My bike, ready for the off

This is really late! I got so behind with my posts that eventually I accepted that I’d have to write about the final three rides, together with any addition pensées, once I got back to London. So here we are, on September 2, with me racking my brain trying to remember what happened on the last three days of the ride.

Jake and Elwood. Or Jim and Les

By day 13 we are getting close, and everyone, even my bike, is beginning to realise that there are but three days to go (it has a few creaks that it didn’t have before). There are senses of expectation, of tiredness, of ennui, of disappointment, of anxiety, and of the challenges of the return to normal life (whatever that is, these days). There was also a sense that Les and I looked like Jake and Elwood out of the Blues Bothers.

Sun-dappled lane before the climb

So it was that we set off. I had popped into a nearby Tesco to buy a couple of energy bars and some Savlon to treat a rather painful toenail injury (don’t ask) but even so I was first out of the blocks today, heading along a sun-dappled lane towards a pretty steep climb into the Quantock Hills, just west of Bridgwater. The climb was almost five miles, and it was not much fun immediately after breakfast, but it’s good to get some ascending out of the way as soon as possible, and I knew that what was left in terms of low-gear stuff for the day was just the final ascent into Whiddon Down.

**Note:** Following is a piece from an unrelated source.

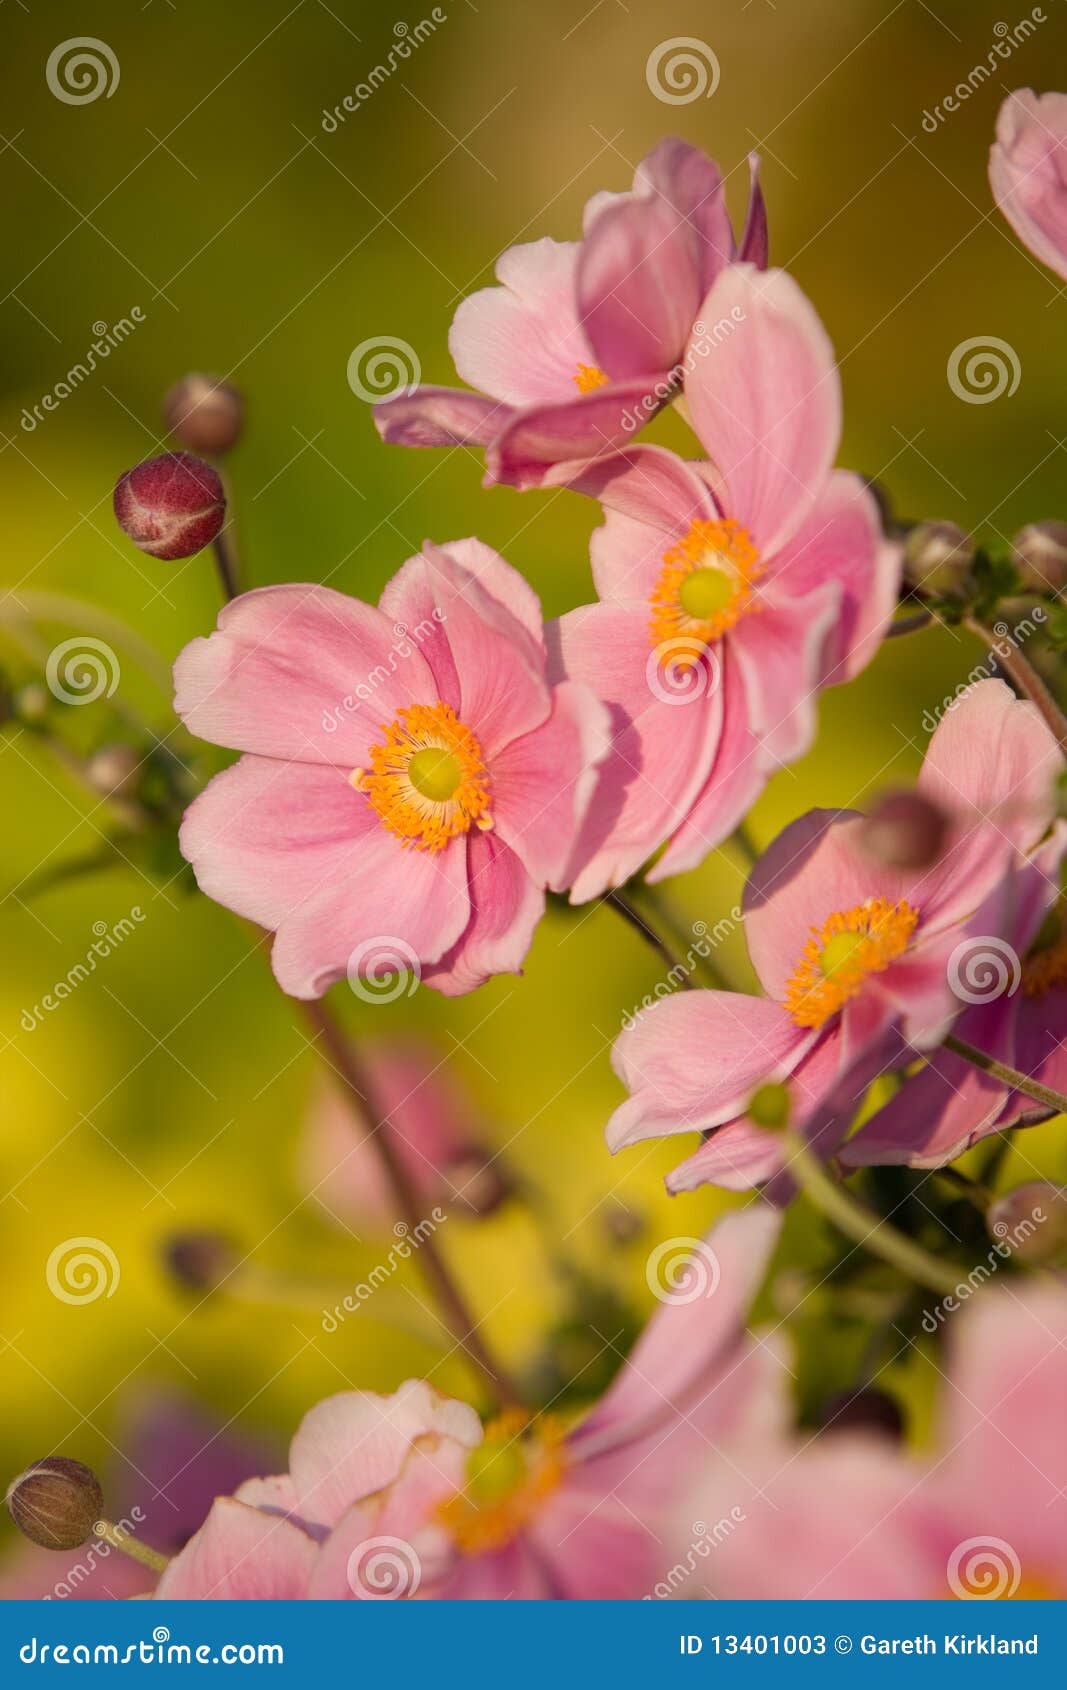 anemone,september charm

Naturally enough, and what with there being a hill, my lead didn’t last long, and I was soon caught by Amardeep, Carl, Jamie, John and Les. I took the opportunity to take photos of some of them, and to check out the landscape, too.

The hill was followed by an amazing descent that I remembered in the other direction from four years ago (this was a really hard climb in the LEJOG direction!). The base of the hill took us over a bridge past Bishops Lydeard station, which I also remember from four years ago.

For some reason I can’t t remember anything about our coffee stop, but lunch was at Crediton, and we gathered in the town square looking for somewhere to eat. Alas, there wasn’t much, and in the end John and I had a piece of cake and coffee, which rather repeated (I assume) what we had at our earlier coffee break. As we set off I remember putting on my helmet and placing my (spare pair) of sunglasses in a plant pot for safe keeping while I did all the other things you do before you set off on a ride. Needless to say I forgot them. That’s two pairs of glasses lost now!

My bike in my room

It was a relatively short day, and the end of the ride marked our approach to Dartmoor (see the map below). The climb into Whiddon Down wasn’t as steep as I feared, and it wasn’t long before we rolled towards the Travelodge. The great thing about this hotel was that we could take our bikes into our rooms, and I was really pleased to take the opportunity to clean my machine up a bit. We had been given strict instructions by Rob not to take our bikes into the shower, so I resisted this temptation, but I did get through quite a lot of loo roll in getting rid of most of the accumulated mud and grime. The hotel was a Travelodge, with all that implies decor-wise, but it did have a rather nice retro bottle-opener attached to the desk (see below).

Bottle opener

For dinner we went to a pub a couple of hundred yards down the road. I can say confidently that it was the slowest service I have ever experienced. We sat down just after 6:30, and I was still waiting for something to eat at 8:15. And I had to eat that quickly, because I had a phone call at 8:30. Oh well! At least there was a fan in my room to dry my clothes, and I was able to prepare myself in good time for the rigours of the 14th day, which looks like a tough one. At least, however, there’ll be no more washing of clothes. I can easily survive on what I have.

Statistics: I did 55.6 miles and climbed 5,715 feet, which in the grand scheme of things isn’t too bad. Here is a map and the elevation profile to show the two big hills of the day

My moving time was five hours and twelve minutes, and my weighted average power was 116 Watts (quite a lot compared with other days—must have been those hills). Average speed was 10.9 mph (hills again) and maximum 33.0 mph. I used 1,736 calories.

One thought on “Day 13—Bridgwater to Whiddon Down

  1. I really felt for you when I read about the appalling service in the pub. It’s the last thing you need when you’ve been cycling all day, name and shame them!!!!